• **WHAT NEEDS TO BE DONE**: Each line of the listing below must be retyped exactly, with images left out.

• **GIVEN MATERIAL**:
BEGIN

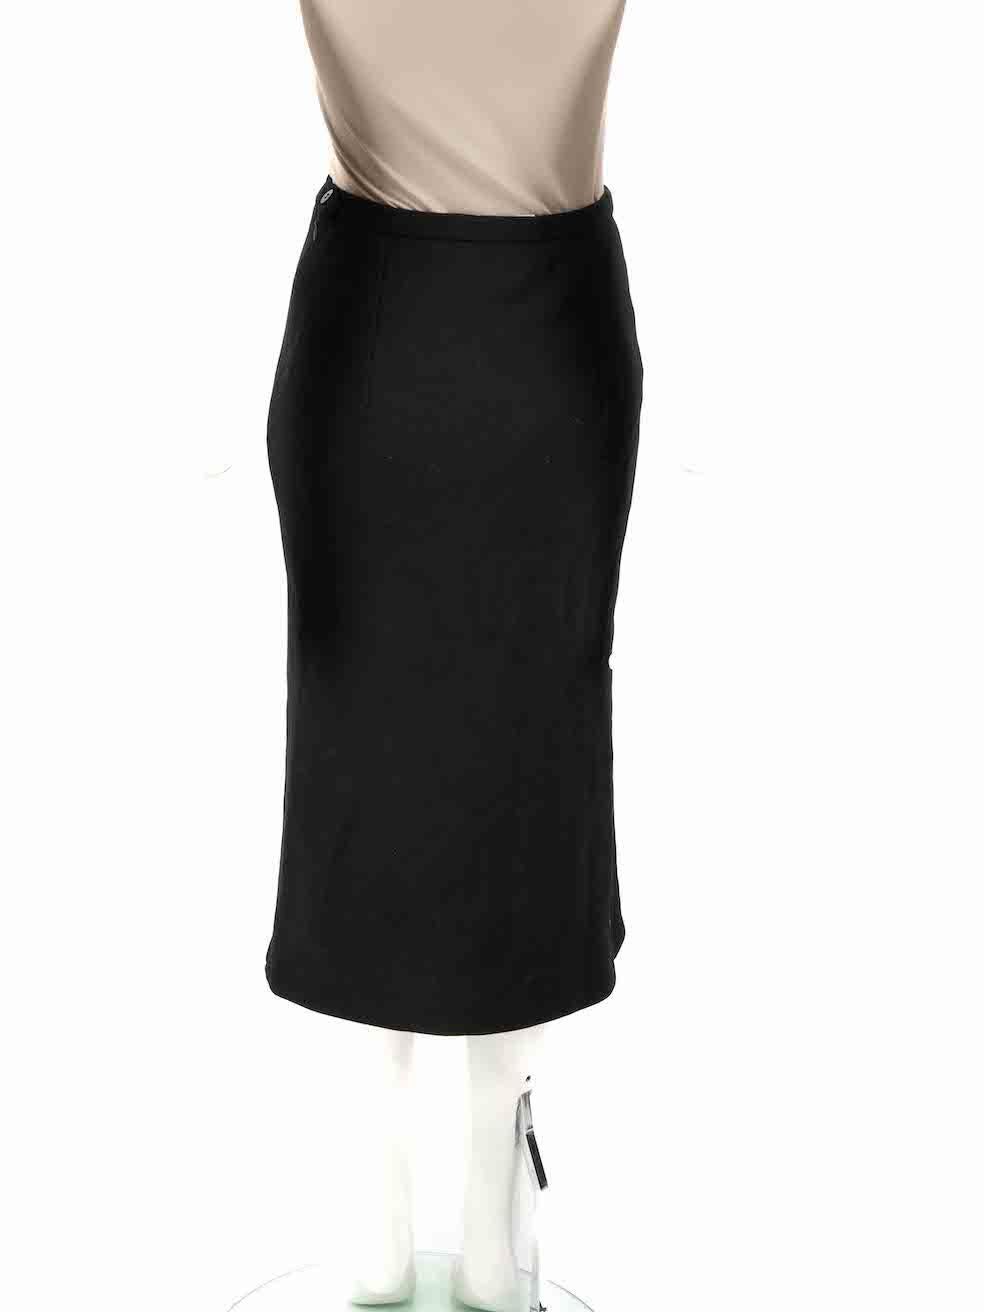 Max Mara Black Midi Pencil Skirt Size S In Excellent Condition For Sale In London, GB
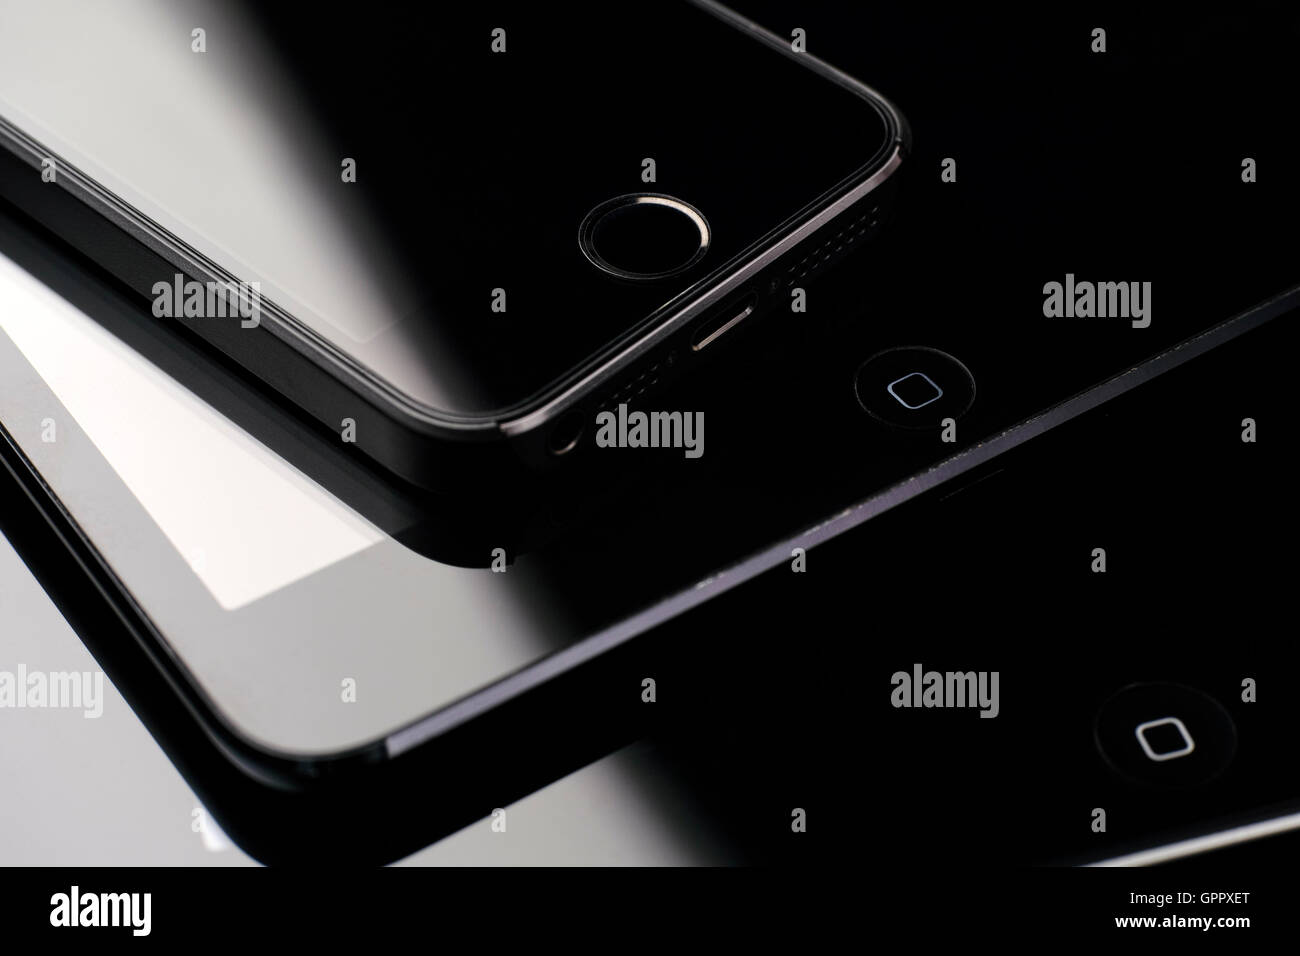 Tambow, Russische Föderation - 26. Februar 2015 Closeup des Stapels von Apple-Geräten - iPhone 5 s, iPad Mini und iPad 2. Studio gedreht. Stockfoto
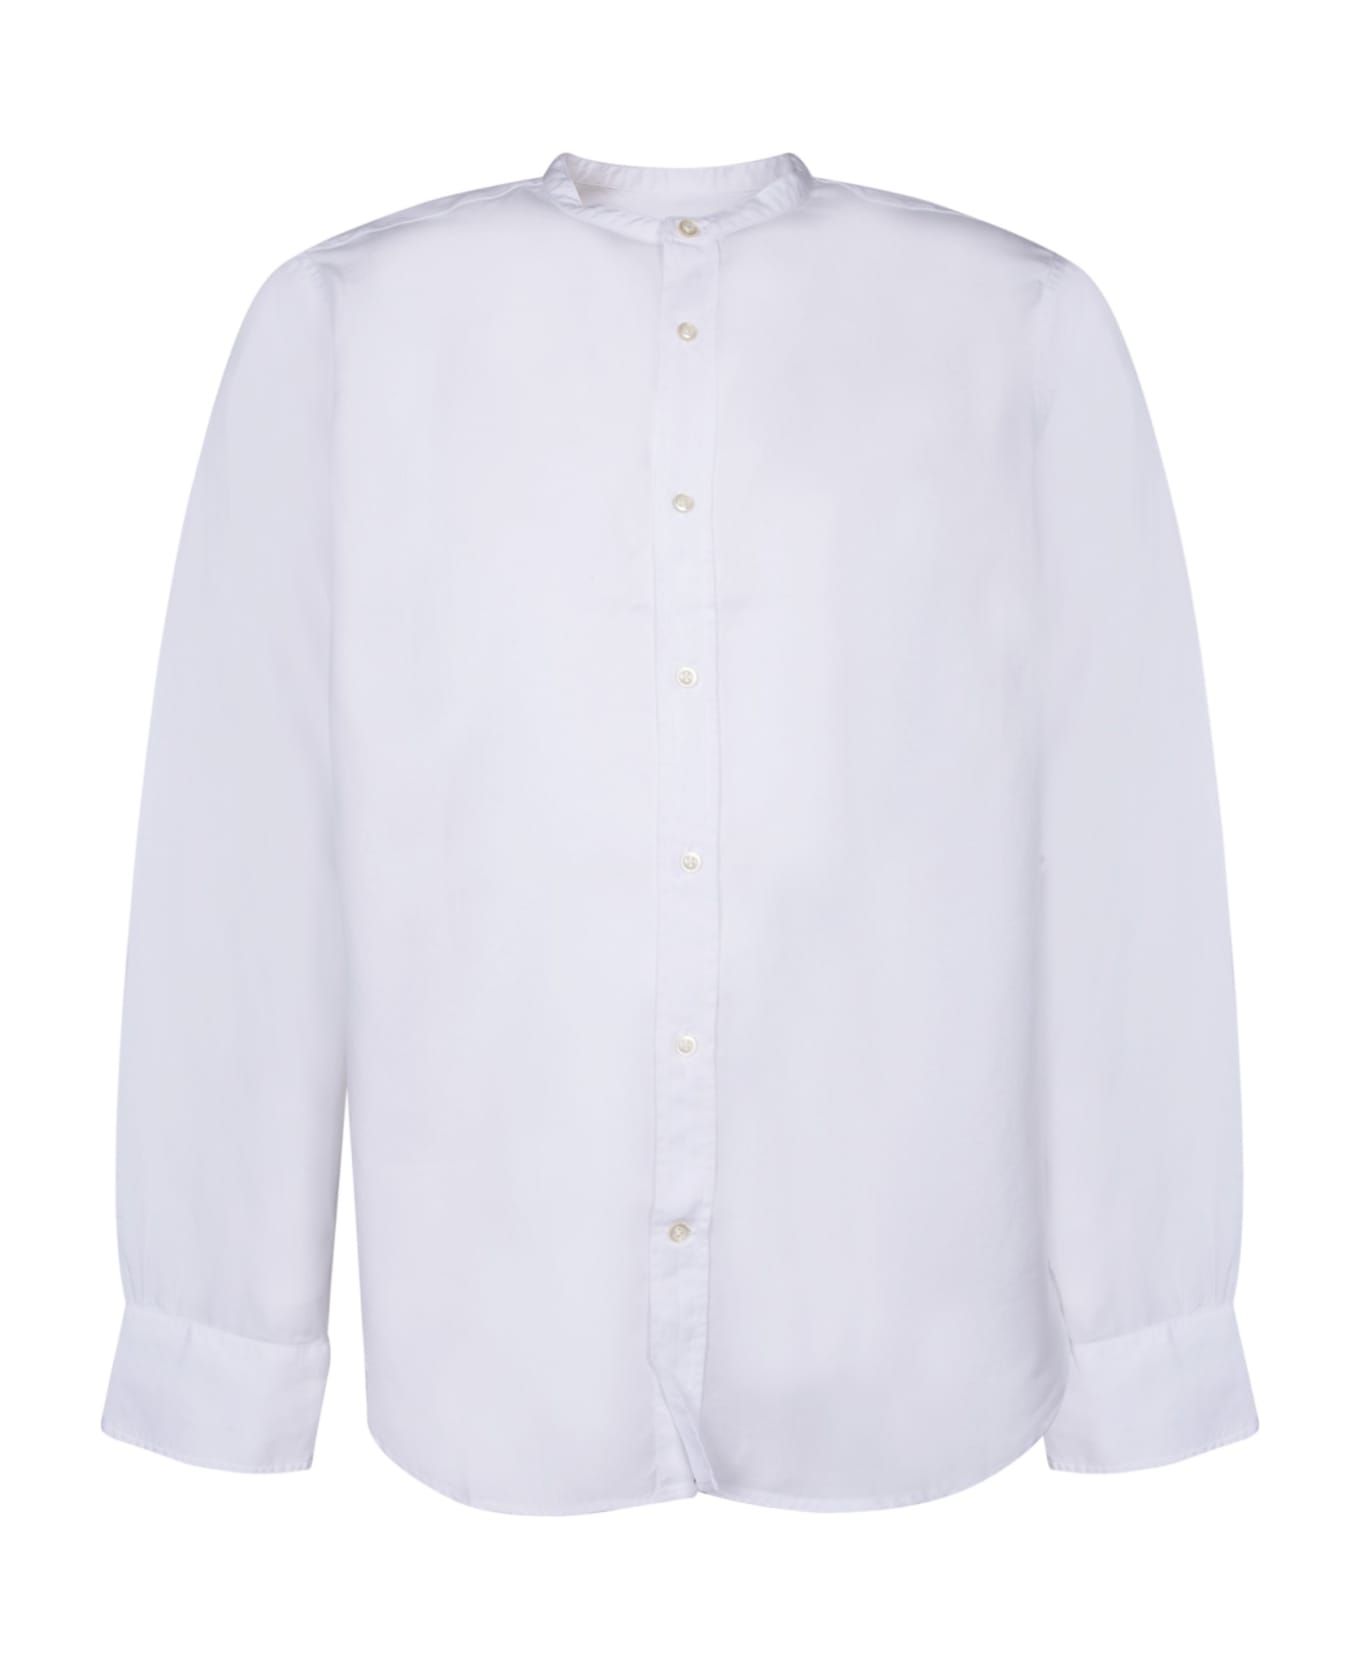 Officine Générale Korean Collar White Shirt - White

END

• **ANSWER SPACE**:
 Max Mara Black Midi Pencil Skirt Size S In Excellent Condition For Sale In London, GB
 Tambow, Russische Föderation - 26. Februar 2015 Closeup des Stapels von Apple-Geräten - iPhone 5 s, iPad Mini und iPad 2. Studio gedreht. Stockfoto
 Officine Générale Korean Collar White Shirt - White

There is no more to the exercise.